Streaks of light will brighten the night sky around mid-august in North America, as one of the best and most dependable meteor showers reaches its peak. The Perseid meteors, so called because they appear to radiate from a point in the constellation Perseus, are at their peak in mid-august and viewing is especially good when the Moon’s phase is New or almost New.

It’s best to watch the Perseids (or any other meteor shower, for that matter) from a location far from interfering city lights. And be sure to arrive at your viewing site well ahead of time because it can take your eyes half an hour to fully adjust to the darkness. If you have sufficiently dark skies, you can expect to see about sixty meteors per hour after midnight, although they won’t necessarily be evenly distributed.
The Perseids hold a special place in the history of meteor shower observations. In 1866 astronomers determined that the Perseids share their orbit with Comet 1862 III, which completes one pass around the Sun approximately every 120 years.
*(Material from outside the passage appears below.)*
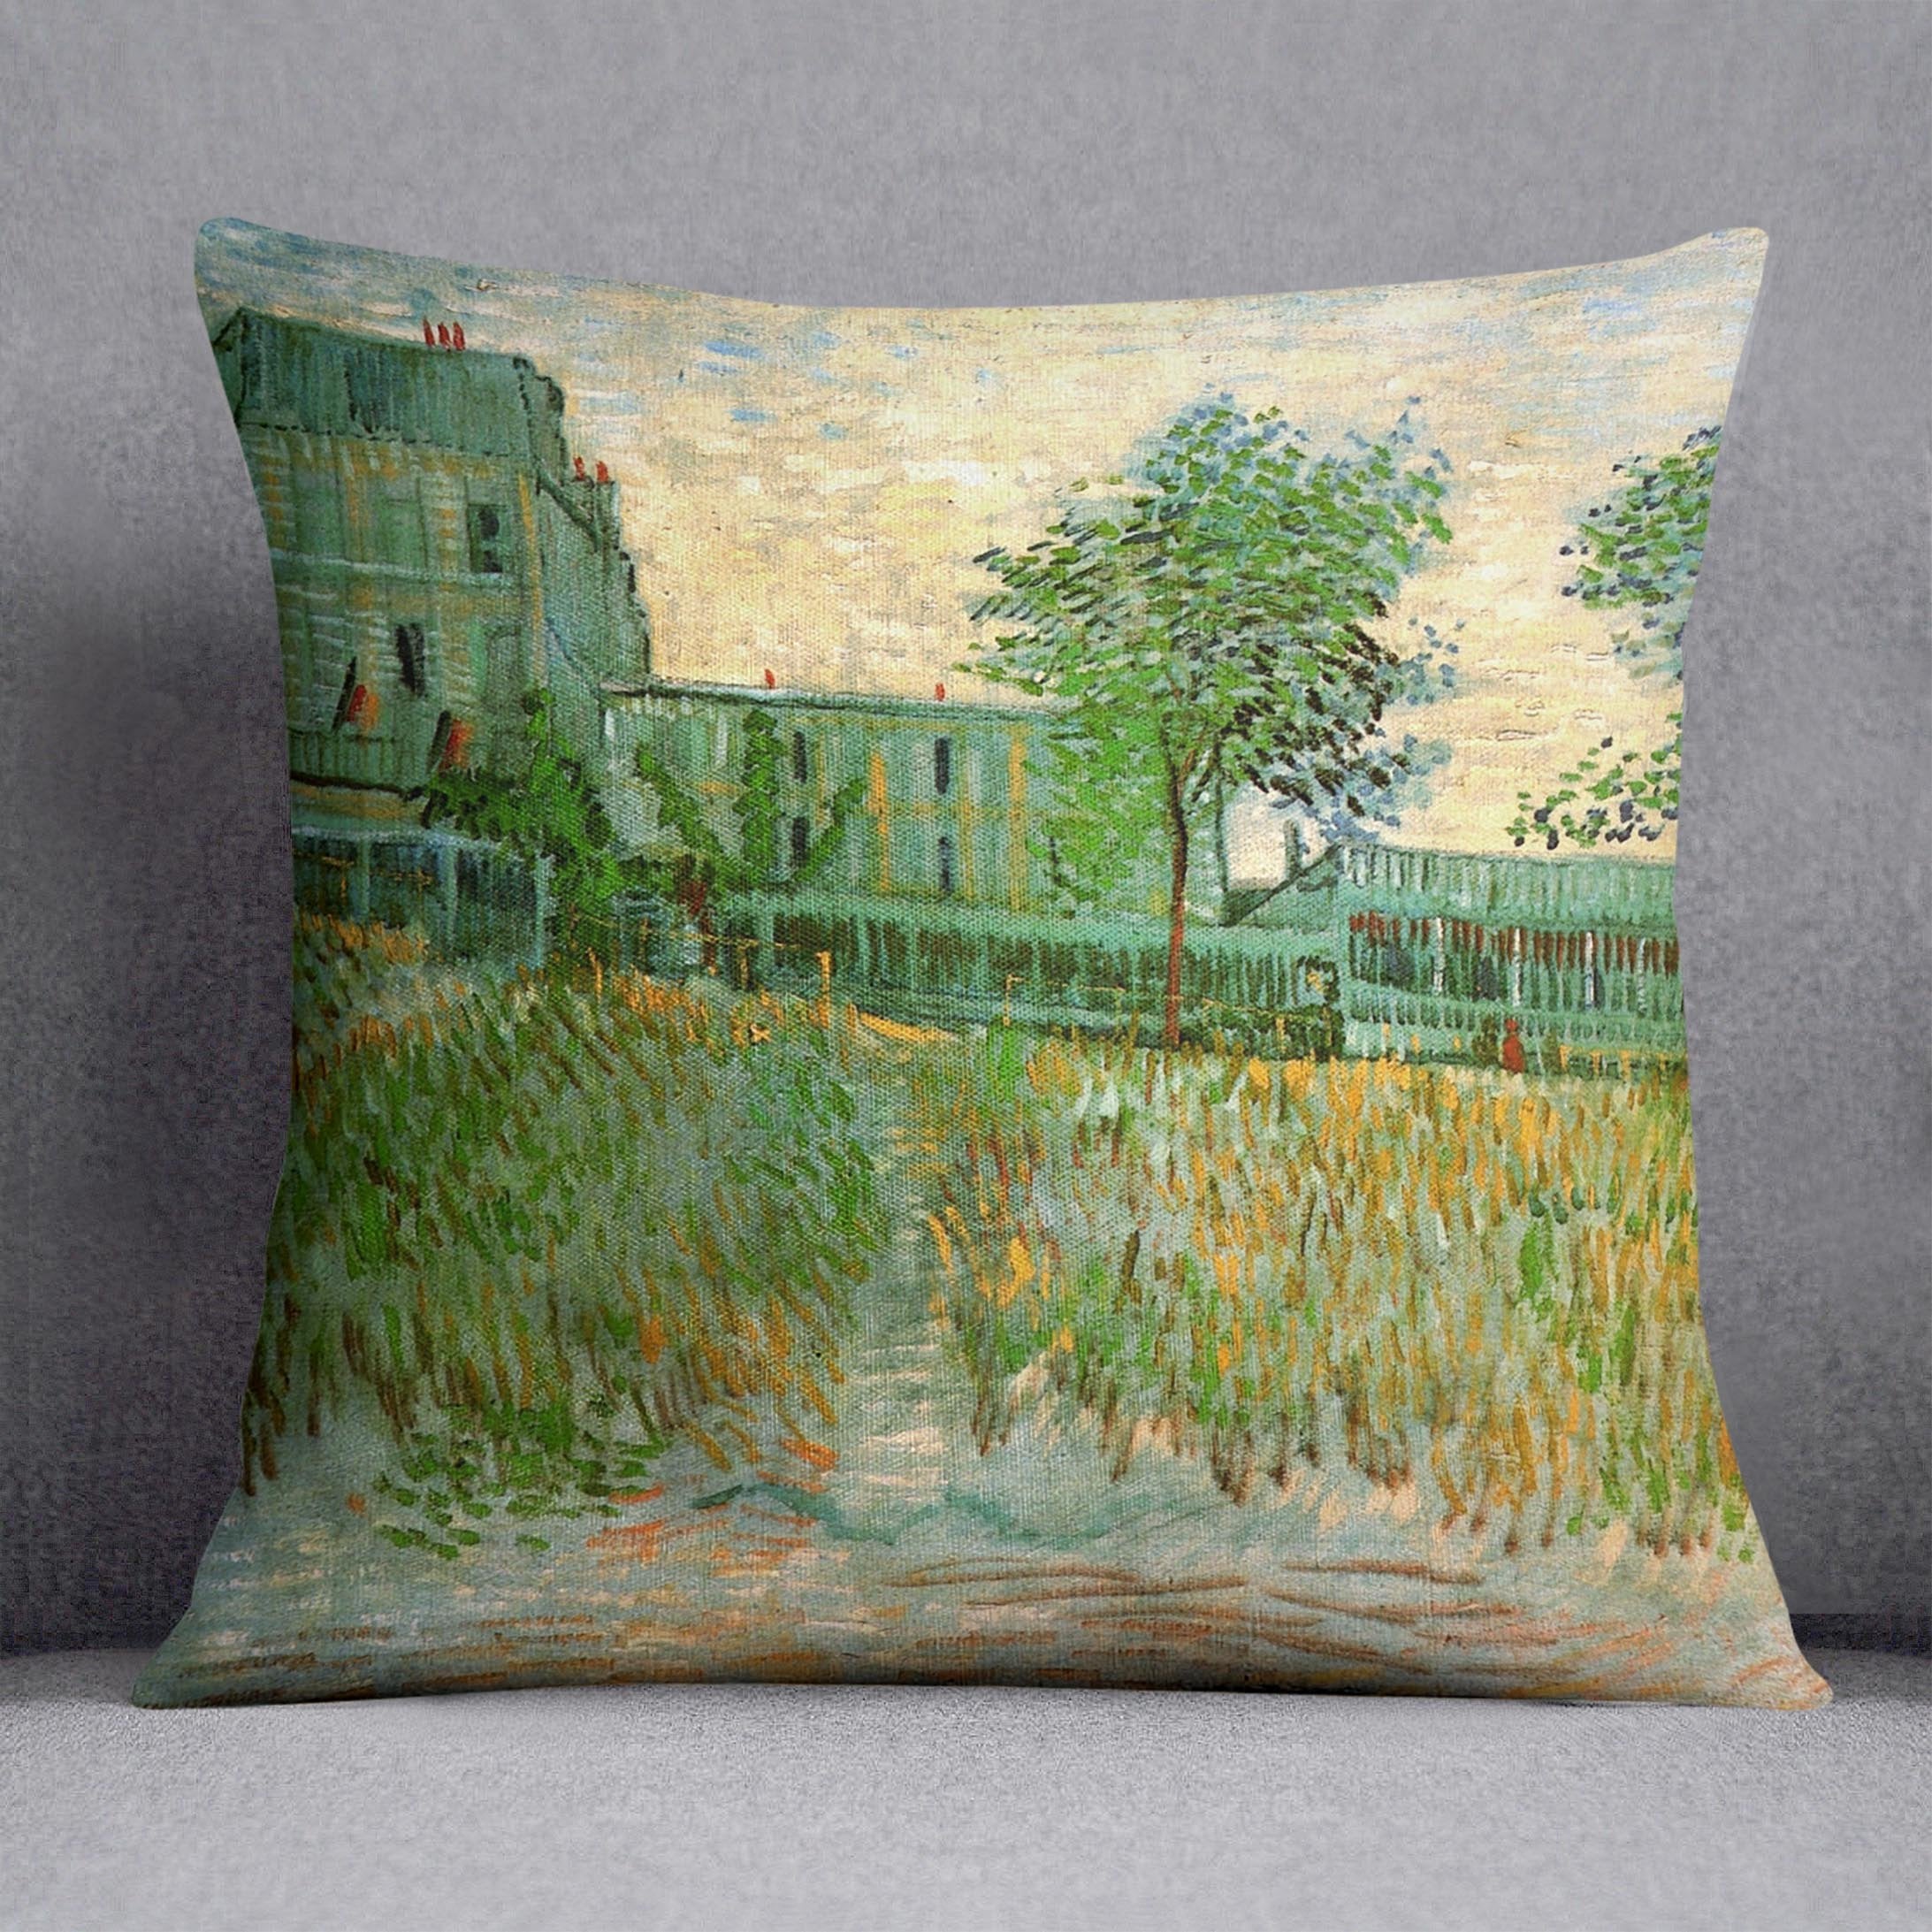 The Restaurant de la Sirene at Asnieres by Van Gogh Throw Pillow

This discovery led astronomers to conclude that the Perseid meteors are in fact tiny dust particles that have broken free of the comet, a “dirty snowball” of frozen gas and dust that leaves a trail of debris in its wake.

As Earth intersects the comet’s orbit each summer it is bombarded by countless comet particles, most of which are no larger than a grain of sand. When they strike Earth’s atmosphere at the astounding speed of 37 miles per second – nearly 135,000 miles per hour – the cometary particles vaporize, producing a brilliant streak of light across the night sky.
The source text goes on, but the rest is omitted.